[Source data Boundary: Start]

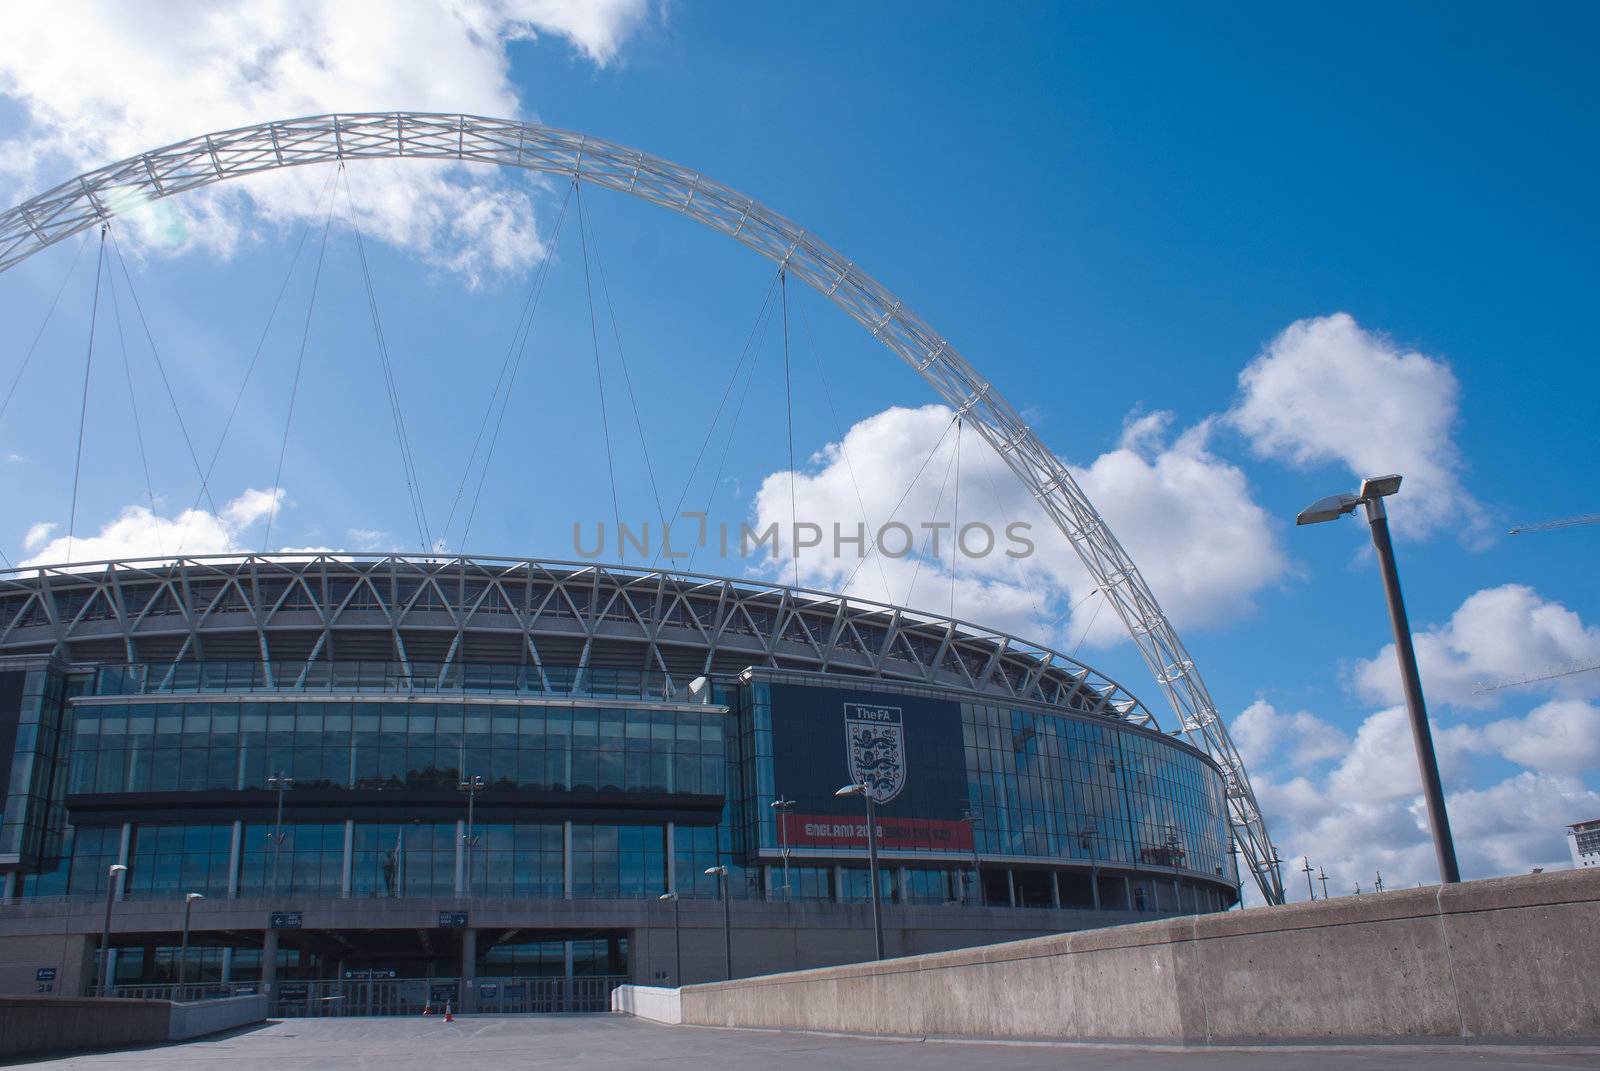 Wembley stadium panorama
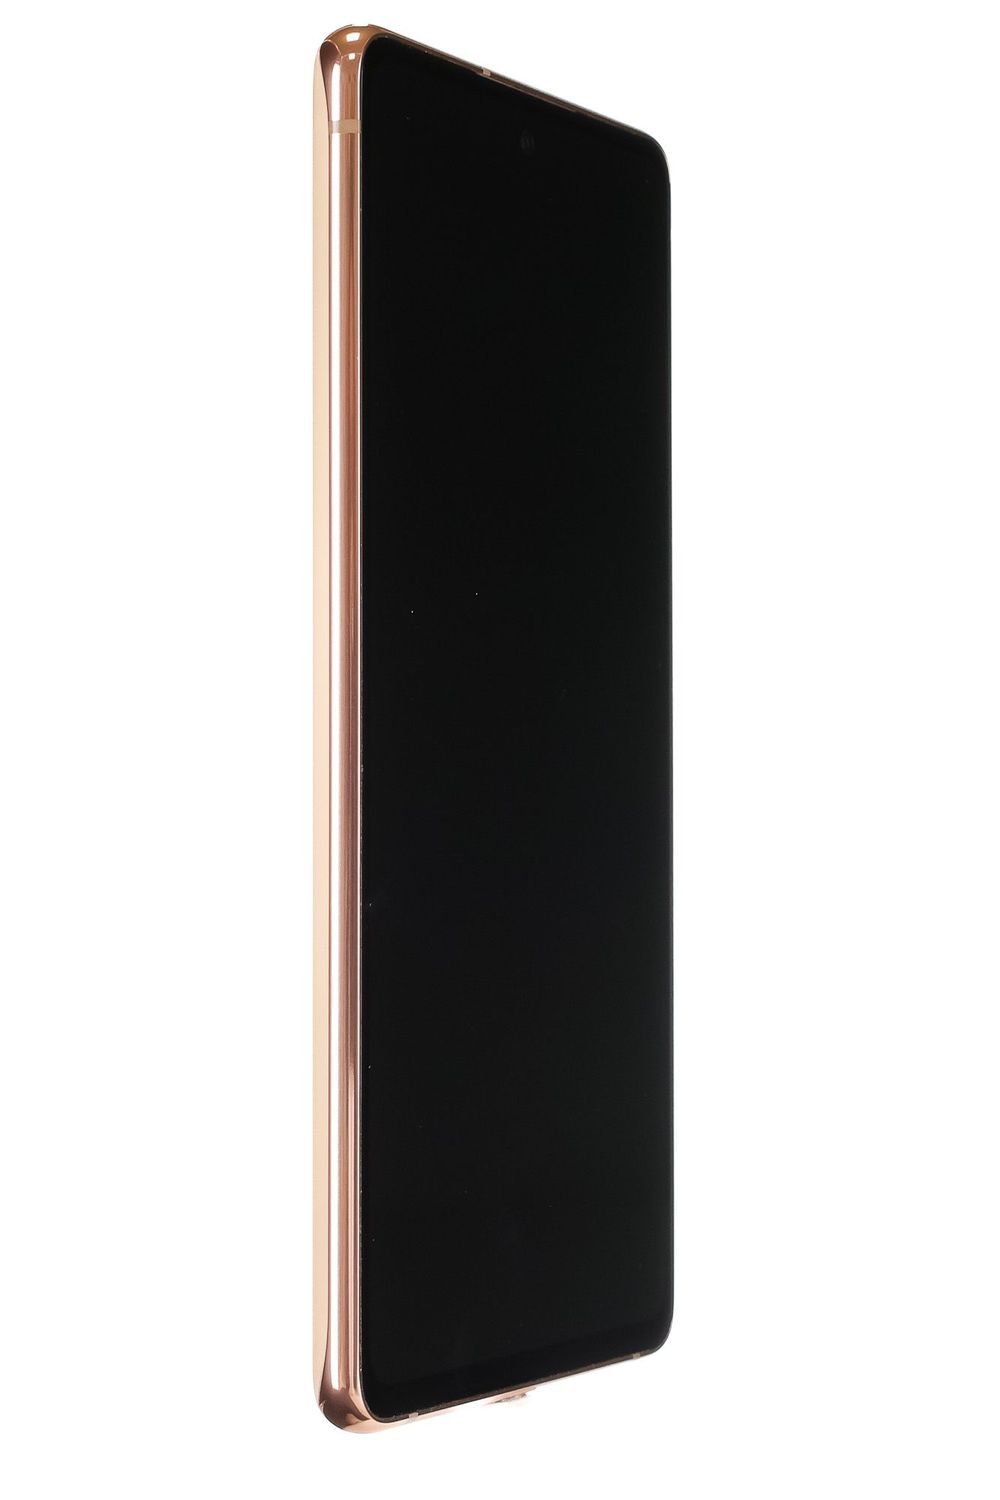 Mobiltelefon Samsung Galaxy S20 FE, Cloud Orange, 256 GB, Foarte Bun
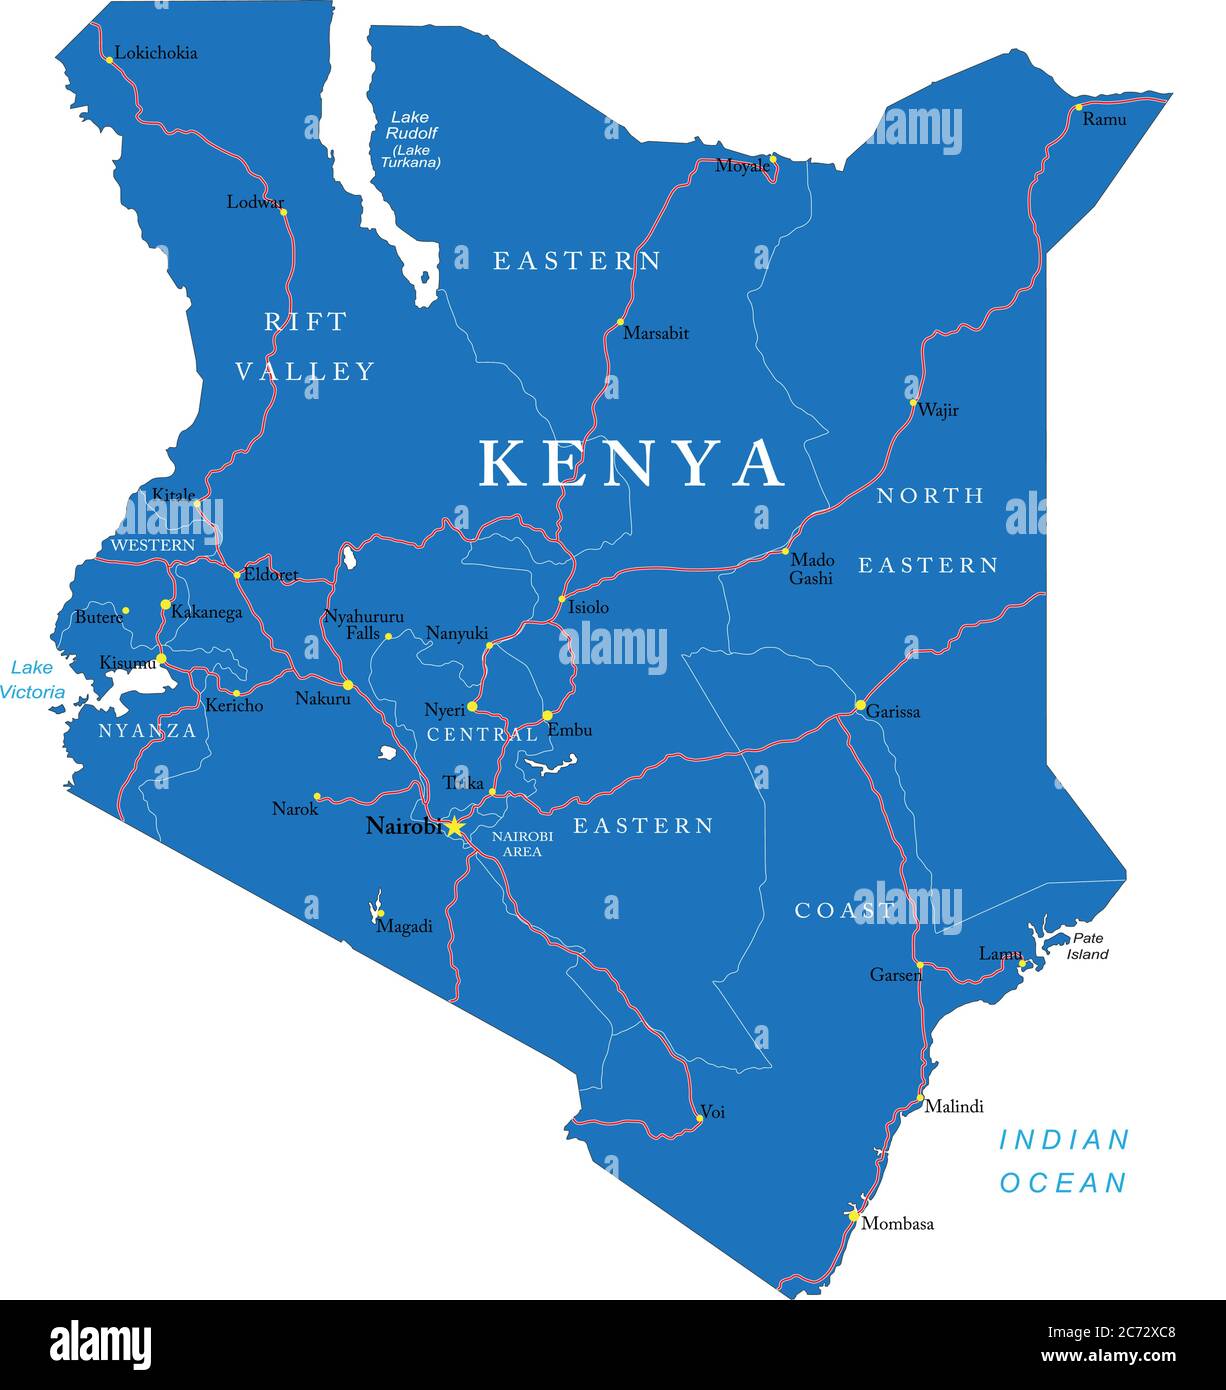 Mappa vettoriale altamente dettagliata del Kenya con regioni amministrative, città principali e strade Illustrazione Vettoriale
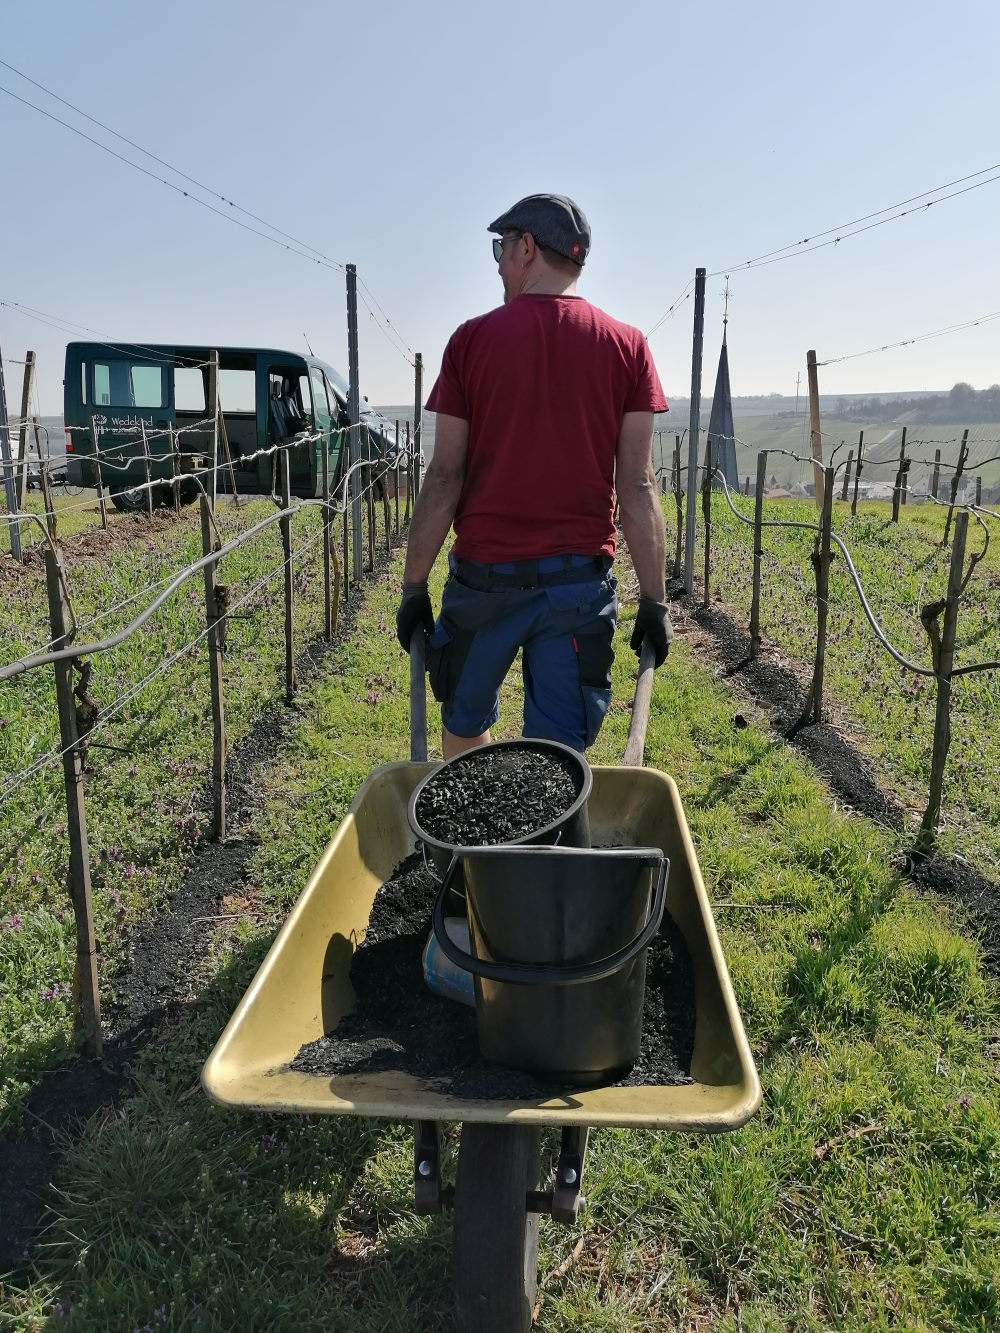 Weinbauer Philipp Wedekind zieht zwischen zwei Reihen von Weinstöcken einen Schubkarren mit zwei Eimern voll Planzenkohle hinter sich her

[Source data Boundary: End]

Copy the entire listing exactly but skip the pictures.

Task output:
 Wembley stadium panorama
 Mobiltelefon Samsung Galaxy S20 FE, Cloud Orange, 256 GB, Foarte Bun
 Mappa vettoriale altamente dettagliata del Kenya con regioni amministrative, città principali e strade Illustrazione Vettoriale
 Weinbauer Philipp Wedekind zieht zwischen zwei Reihen von Weinstöcken einen Schubkarren mit zwei Eimern voll Planzenkohle hinter sich her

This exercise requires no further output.